Первой реакцией Виктора было отказаться, но победило любопытство. На выставке было представлено всего несколько картин, но она занимала три зала, поскольку каждая была величиной с дверь. Офелия так и не избавилась от влияния Гуаясамина, выдающегося эквадорского художника, у которого она училась; ее картины были похожи по стилю — крупные мазки, темные линии и абстрактные фигуры, однако в них не было того гуманистического посыла, отрицания жестокости или эксплуатации людей, отражения исторических или политических конфликтов. Это были чувственные изображения объятий, иногда весьма красноречивые, хотя порой несколько вычурные и неестественные, или образы женщин, отдающихся наслаждению или охваченных страданием. Виктор смотрел на них, немного сбитый с толку, ему казалось, они не соответствуют его представлению о художнице.
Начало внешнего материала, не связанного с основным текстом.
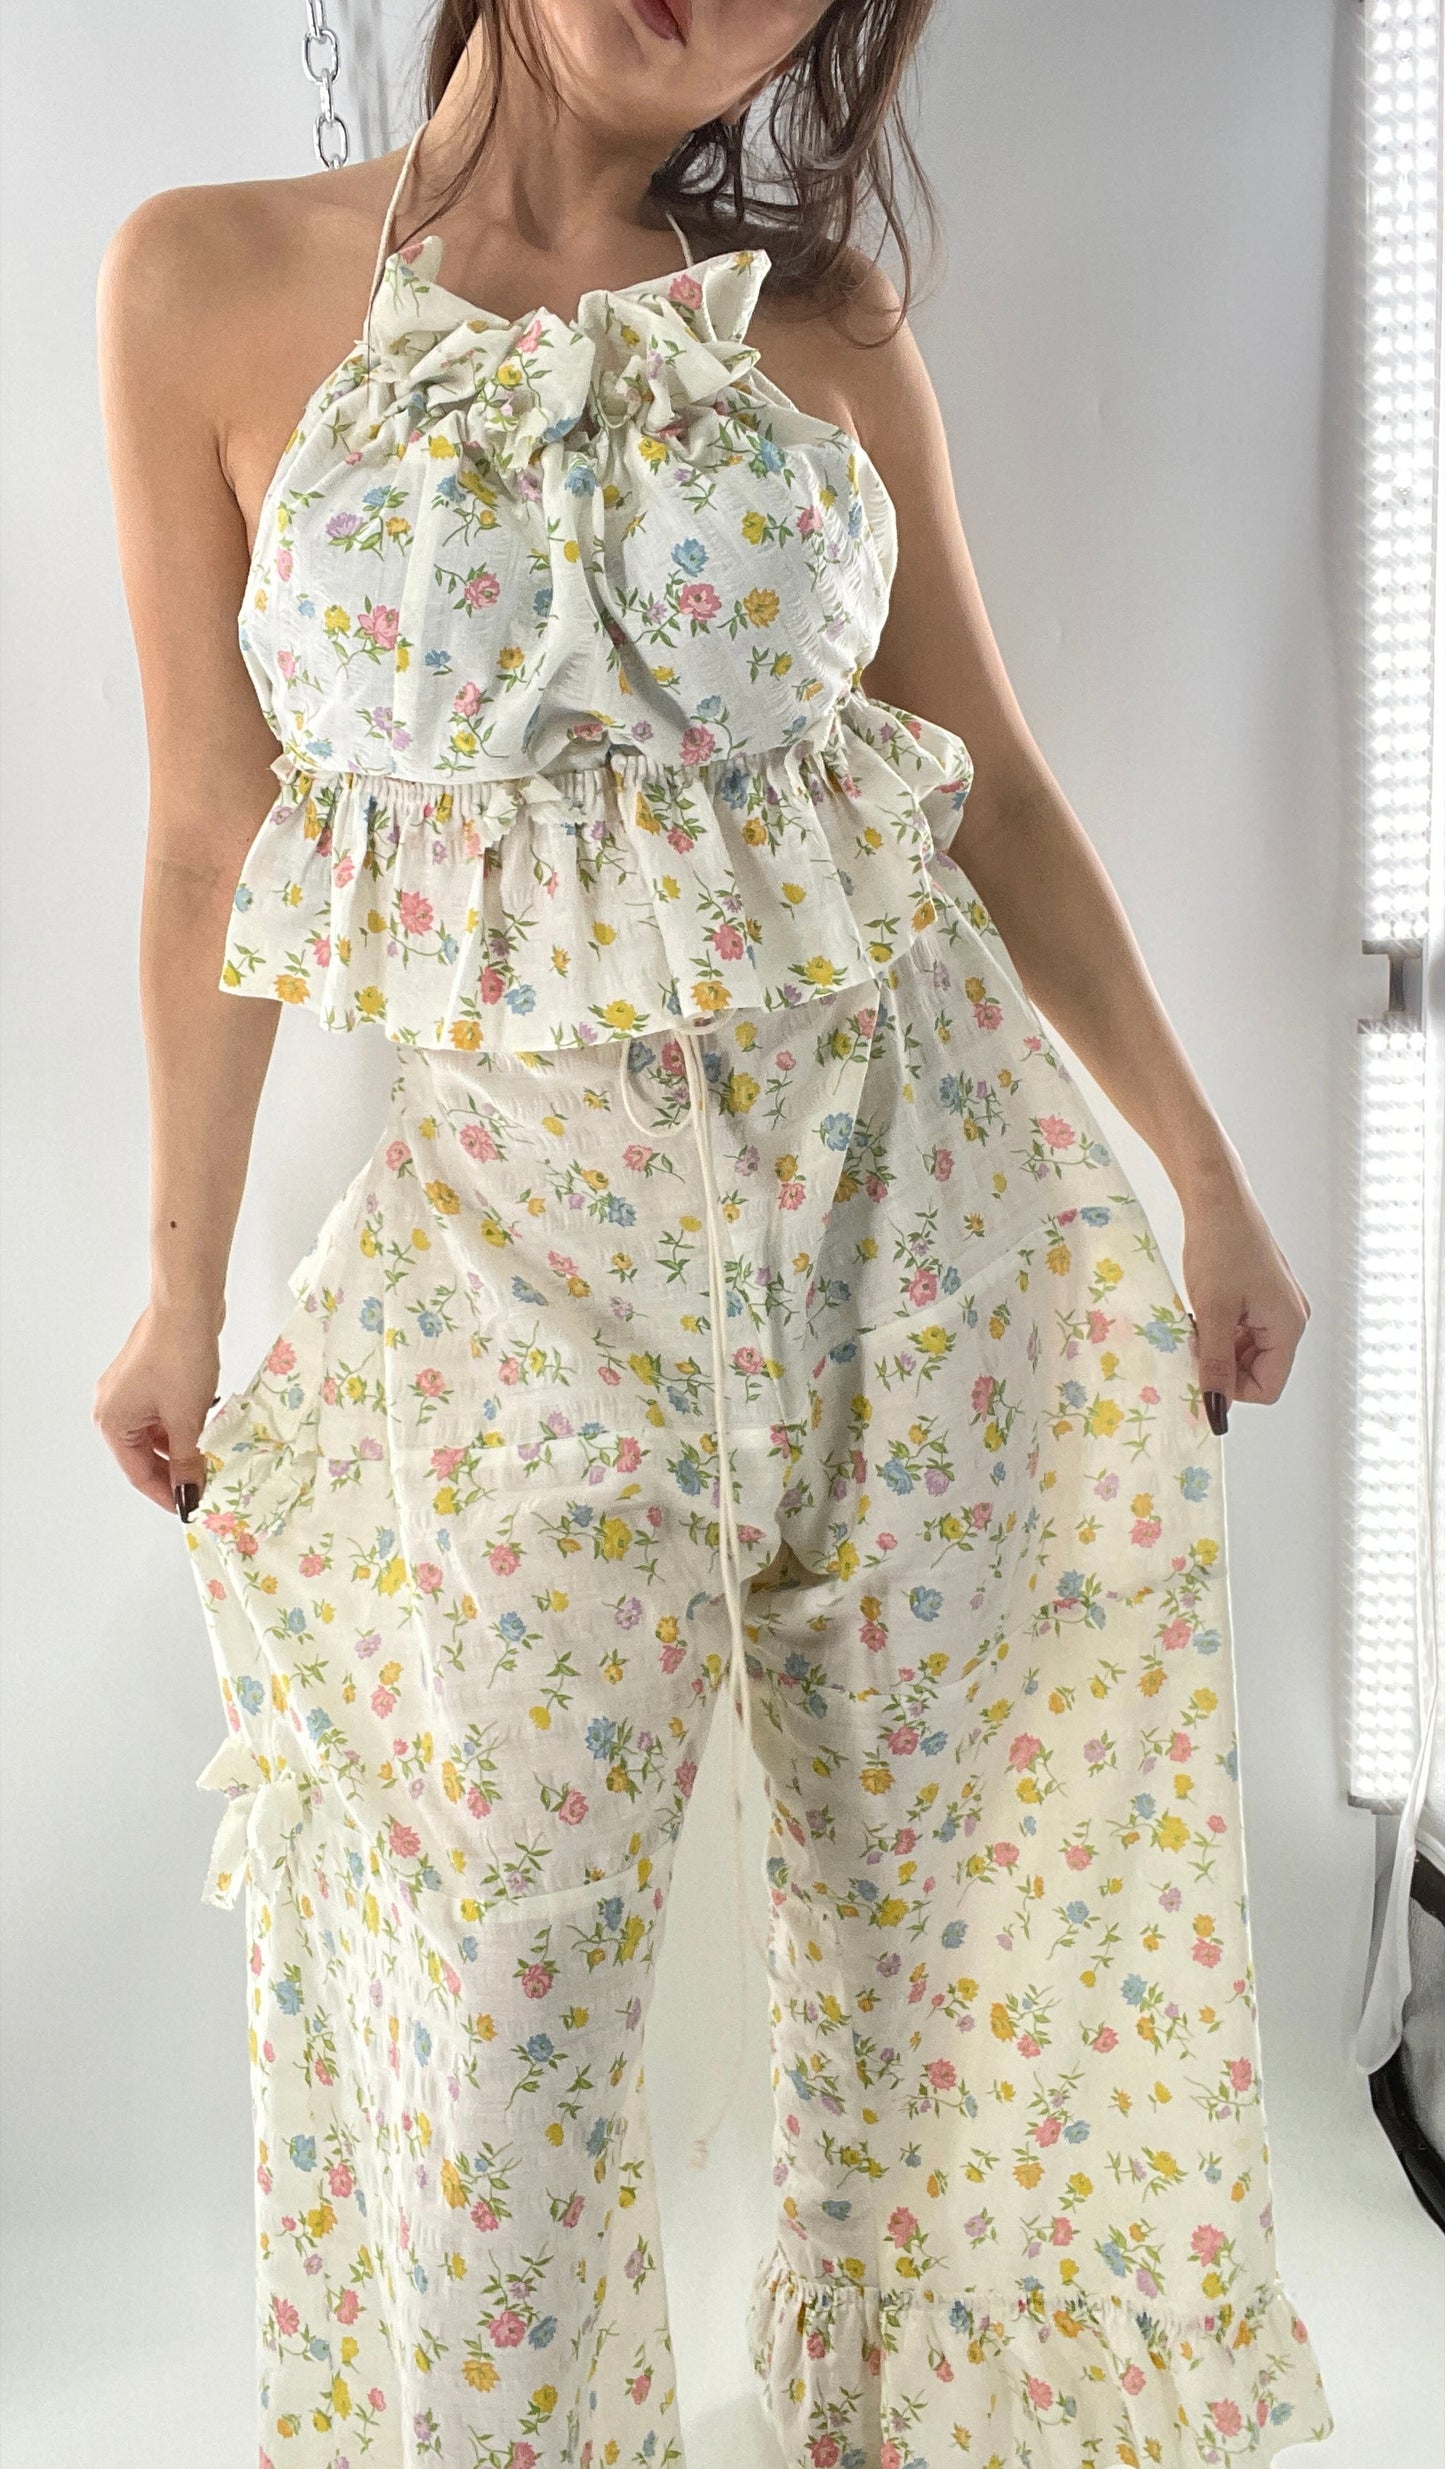 Vintage 2 Piece Floral Babydoll Set with Adjustable Top and Adjustable Pants Featuring Bow Sides and Ruffles Bum (One Size)

Он помнил Офелию во времена ее юности — избалованную, изобретательную и порывистую девушку, которая однажды в него влюбилась. Тогда она рисовала акварельные пейзажи и цветочные натюрморты. Он знал о ней только то, что когда-то она сначала стала женой, а потом вдовой одного дипломата; ее жизнь соответствовала стандартам ее класса, и она жила в полном согласии со своей судьбой. Однако эти картины открывали неуемный темперамент и потрясающее эротическое воображение, как будто страсть, которую он разжег в ней в жалких гостиницах, где они занимались любовью, она задушила внутри себя и единственный клапан, через который она могла прорваться, были кисти и холст.
Картина, единственная, висевшая в последнем зале галереи, произвела на него глубокое впечатление. На ней был изображен обнаженный мужчина с винтовкой в руках, в черно-белых тонах на сером фоне. Виктор изучал ее несколько минут, взволнованный непонятно почему. Он подошел ближе, чтобы прочитать название: «Ополченец, 1973».
— Она не продается, — услышал он голос рядом с собой. Это была Офелия, постаревшая и поблекшая, совсем не похожая на ту, которую он помнил, и на ту, которая была известна ему по немногим фотографиям.
— Эта картина — первая из серии и означает для меня конец определенного этапа, поэтому я ее не продаю.
— Это год военного переворота в Чили, — сказал Виктор.
— Она не имеет ничего общего с Чили. В том году я не занималась живописью.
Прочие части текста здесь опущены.